It's not "every" human brain. It's just "most" human brains.
Be that as it may, you might consider asking Gemini such a question. Of course, answers from AI aren't guaranteed to be accurate, but answers from random posters on Slashdot come with even less of a guarantee.
But here, let me save you the effort by posting Gemini's reply:
While researchers are still isolating the exact chemical compound inside Lanmaoa asiatica—which is unique and unrelated to classical psilocybin "magic mushrooms"—neuroscience and psychiatry offer a fascinating framework for why a chemical can cause such a highly specific, repeatable flaw in human perception.
1. The Disruption of "Size Constancy"
To understand why the people are tiny, we look at a neurological concept called size constancy. Your brain continuously performs complex mathematics to ensure that when a friend walks away from you, you perceive them as moving further away, rather than physically shrinking—even though the actual image hitting your retina is getting smaller. This relies on a highly calibrated feedback loop between the primary visual cortex (V1), which processes raw shapes, and the visual association cortices, which interpret depth, distance, and context. When a toxin disrupts this communication channel, it causes a specific sensory distortion called micropsia. If the brain tries to project an object or a memory into the visual field while the size-constancy machinery is offline, the object defaults to a drastically scaled-down size (often measured at exactly 1 to 2 centimeters by patients).
2. The Brain's "Pareidolia" and Object-Recognition Hardware
Why does the brain specifically manufacture human figures instead of just shrinking the existing room? Human brains possess hyper-specialized, dedicated neural architecture designed to recognize faces and bodies, primarily located in the fusiform face area (FFA) and the extrastriate body area (EBA). This hardware is so sensitive that it causes pareidolia—making us see faces in electrical outlets or burnt toast. When a psychoactive compound overstimulates or uncouples these specific regions, the visual system begins firing "spontaneously." Because these circuits are hardwired exclusively to process human attributes, the hallucination cannot be an abstract geometric pattern. The brain is forced to piece together the chaotic neural static using its strongest, most deeply ingrained template: the human form.

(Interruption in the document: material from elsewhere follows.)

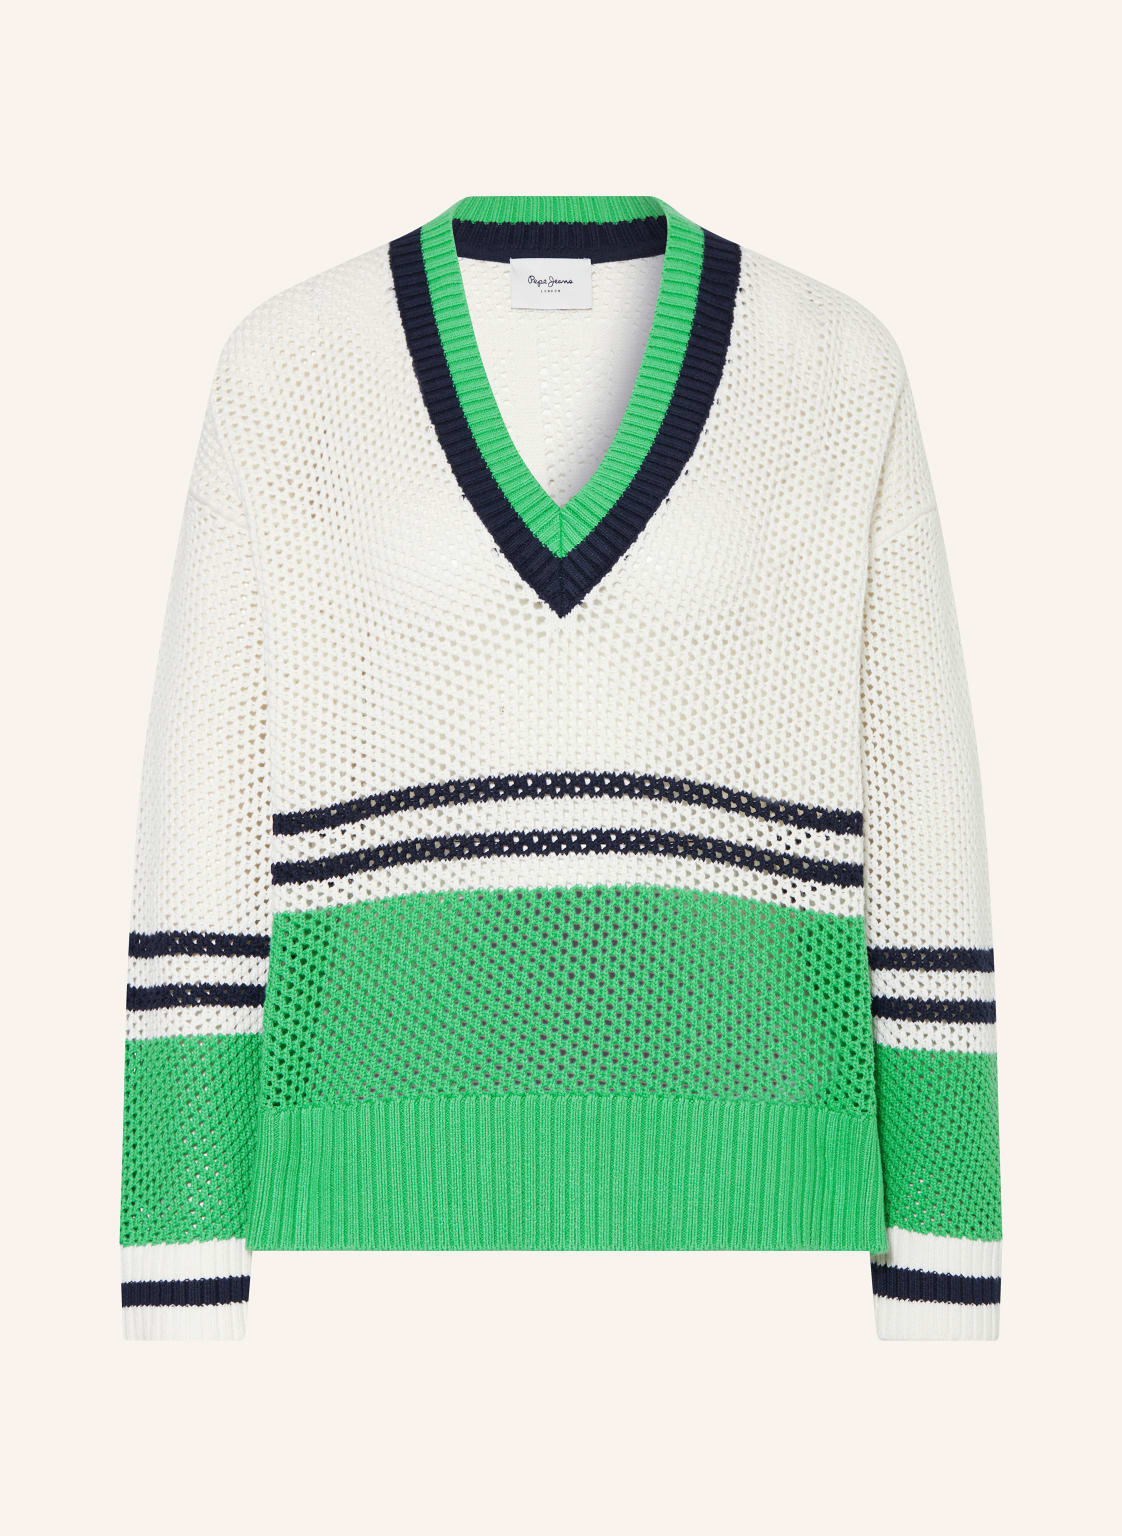 Pepe Jeans Pullover weiss von Pepe Jeans

3. The "Release Phenomenon" (Deafferentation)
Lilliputian hallucinations are not exclusive to mushrooms; they are also the hallmark of Charles Bonnet Syndrome (where people losing their eyesight see tiny people) and certain stages of Parkinson’s disease. The leading neurological theory for both is the release phenomenon: Under normal conditions, a steady stream of real-world data from your eyes acts as an "inhibitory" brake, keeping your visual association cortices from running wild. If a toxin suddenly blocks or alters this sensory input, the brain's internal dream-generation software is "released" from its brakes. Left to its own devices, the visual cortex starts pulling random information from memory and projecting it into the physical room. Because the interactive physics engine of the brain is still online, 97% of these hallucinations interact realistically with the environment—marching across actual tables or ducking under tablecloths.
The Neuro-Chemical Frontier: Classical psychedelics like psilocybin primarily bind to serotonin $5\text{-HT}_{2\text{A}}$ receptors, causing geometric distortions and emotional shifts. Because Lanmaoa asiatica causes a clinical syndrome completely distinct from a typical psilocybin trip, scientists believe its active compound targets entirely different pathways—likely involving acetylcholine or gabaergic networks, which directly control attention, reality-monitoring, and visual gating.